→ EXERCISE:
In the entries that follow, find the line containing "Floss! Floss! Floss!"; from there, copy every line exactly through the line containing "Entrance of a hotel in the Medina".

==*==

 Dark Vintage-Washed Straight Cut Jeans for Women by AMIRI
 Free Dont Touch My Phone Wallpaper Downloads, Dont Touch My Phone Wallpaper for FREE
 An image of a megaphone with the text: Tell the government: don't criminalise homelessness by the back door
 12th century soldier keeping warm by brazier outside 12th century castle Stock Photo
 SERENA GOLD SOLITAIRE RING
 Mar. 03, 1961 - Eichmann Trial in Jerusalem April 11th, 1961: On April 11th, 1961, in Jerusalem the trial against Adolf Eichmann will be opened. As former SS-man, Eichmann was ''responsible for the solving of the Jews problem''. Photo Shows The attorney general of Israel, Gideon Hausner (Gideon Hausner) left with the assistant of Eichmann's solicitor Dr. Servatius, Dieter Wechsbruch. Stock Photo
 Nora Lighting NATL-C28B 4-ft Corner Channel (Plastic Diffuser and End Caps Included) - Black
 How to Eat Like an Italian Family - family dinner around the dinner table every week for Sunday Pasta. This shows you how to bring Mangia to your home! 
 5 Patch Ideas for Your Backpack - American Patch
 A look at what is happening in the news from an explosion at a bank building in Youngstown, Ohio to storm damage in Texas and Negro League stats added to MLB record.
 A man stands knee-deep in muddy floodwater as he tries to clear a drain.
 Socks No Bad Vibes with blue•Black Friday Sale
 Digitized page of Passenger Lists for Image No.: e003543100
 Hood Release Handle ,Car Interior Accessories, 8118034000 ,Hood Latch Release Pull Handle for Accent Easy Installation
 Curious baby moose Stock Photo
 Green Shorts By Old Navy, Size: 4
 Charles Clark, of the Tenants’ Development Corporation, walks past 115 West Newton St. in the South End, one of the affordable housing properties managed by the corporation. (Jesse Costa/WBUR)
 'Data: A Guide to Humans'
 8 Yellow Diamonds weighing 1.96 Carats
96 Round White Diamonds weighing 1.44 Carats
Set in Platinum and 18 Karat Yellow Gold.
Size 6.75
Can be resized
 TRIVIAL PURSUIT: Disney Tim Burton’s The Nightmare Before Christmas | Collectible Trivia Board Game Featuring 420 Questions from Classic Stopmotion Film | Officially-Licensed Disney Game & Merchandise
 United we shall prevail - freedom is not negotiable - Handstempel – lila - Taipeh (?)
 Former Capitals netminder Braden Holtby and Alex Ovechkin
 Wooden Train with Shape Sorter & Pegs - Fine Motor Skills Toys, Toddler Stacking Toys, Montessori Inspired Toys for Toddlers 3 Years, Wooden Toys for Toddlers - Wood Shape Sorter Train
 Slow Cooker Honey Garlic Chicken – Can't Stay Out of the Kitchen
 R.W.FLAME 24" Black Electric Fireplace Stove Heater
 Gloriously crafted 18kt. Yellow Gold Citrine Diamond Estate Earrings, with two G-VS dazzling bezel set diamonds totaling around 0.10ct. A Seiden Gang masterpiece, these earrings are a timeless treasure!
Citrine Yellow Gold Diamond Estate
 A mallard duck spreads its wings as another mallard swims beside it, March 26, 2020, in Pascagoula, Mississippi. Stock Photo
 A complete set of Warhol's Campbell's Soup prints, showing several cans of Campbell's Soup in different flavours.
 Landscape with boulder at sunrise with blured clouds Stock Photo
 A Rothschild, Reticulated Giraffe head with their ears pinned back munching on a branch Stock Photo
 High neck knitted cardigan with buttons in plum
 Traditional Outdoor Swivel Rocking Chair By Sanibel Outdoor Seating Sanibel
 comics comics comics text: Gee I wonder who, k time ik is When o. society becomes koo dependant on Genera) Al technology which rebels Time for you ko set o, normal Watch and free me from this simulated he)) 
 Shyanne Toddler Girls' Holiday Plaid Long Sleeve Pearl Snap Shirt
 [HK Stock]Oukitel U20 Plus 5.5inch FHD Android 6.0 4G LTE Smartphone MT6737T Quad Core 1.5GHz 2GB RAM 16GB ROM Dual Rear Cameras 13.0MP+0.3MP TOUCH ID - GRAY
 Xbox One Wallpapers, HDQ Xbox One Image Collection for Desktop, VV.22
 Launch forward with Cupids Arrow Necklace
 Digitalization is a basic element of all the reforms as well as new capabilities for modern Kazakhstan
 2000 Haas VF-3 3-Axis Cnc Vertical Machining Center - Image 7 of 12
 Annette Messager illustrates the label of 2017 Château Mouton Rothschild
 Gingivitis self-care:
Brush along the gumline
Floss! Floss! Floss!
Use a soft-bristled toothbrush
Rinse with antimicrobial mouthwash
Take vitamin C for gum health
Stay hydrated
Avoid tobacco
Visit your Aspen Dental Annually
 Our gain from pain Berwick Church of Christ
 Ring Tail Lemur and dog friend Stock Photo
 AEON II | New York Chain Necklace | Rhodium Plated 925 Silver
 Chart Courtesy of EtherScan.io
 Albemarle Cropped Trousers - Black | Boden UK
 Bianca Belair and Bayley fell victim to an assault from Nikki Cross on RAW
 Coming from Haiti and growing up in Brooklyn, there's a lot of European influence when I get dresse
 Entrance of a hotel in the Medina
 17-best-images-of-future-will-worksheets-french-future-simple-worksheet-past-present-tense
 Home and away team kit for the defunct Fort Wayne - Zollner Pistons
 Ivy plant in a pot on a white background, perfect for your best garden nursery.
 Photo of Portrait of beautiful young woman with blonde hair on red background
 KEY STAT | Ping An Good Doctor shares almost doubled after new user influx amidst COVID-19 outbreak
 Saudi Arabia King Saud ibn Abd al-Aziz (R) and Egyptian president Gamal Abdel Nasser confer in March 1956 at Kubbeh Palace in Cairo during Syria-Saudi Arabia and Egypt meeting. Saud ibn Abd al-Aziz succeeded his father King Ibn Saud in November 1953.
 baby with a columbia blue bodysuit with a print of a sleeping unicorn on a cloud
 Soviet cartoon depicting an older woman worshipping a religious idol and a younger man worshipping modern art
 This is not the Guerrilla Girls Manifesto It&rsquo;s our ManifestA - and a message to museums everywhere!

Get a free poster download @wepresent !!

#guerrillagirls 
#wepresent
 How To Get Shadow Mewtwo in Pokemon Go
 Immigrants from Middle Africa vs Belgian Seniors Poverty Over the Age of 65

==*==

→ WRITTEN ANSWER:
Floss! Floss! Floss!
Use a soft-bristled toothbrush
Rinse with antimicrobial mouthwash
Take vitamin C for gum health
Stay hydrated
Avoid tobacco
Visit your Aspen Dental Annually
 Our gain from pain Berwick Church of Christ
 Ring Tail Lemur and dog friend Stock Photo
 AEON II | New York Chain Necklace | Rhodium Plated 925 Silver
 Chart Courtesy of EtherScan.io
 Albemarle Cropped Trousers - Black | Boden UK
 Bianca Belair and Bayley fell victim to an assault from Nikki Cross on RAW
 Coming from Haiti and growing up in Brooklyn, there's a lot of European influence when I get dresse
 Entrance of a hotel in the Medina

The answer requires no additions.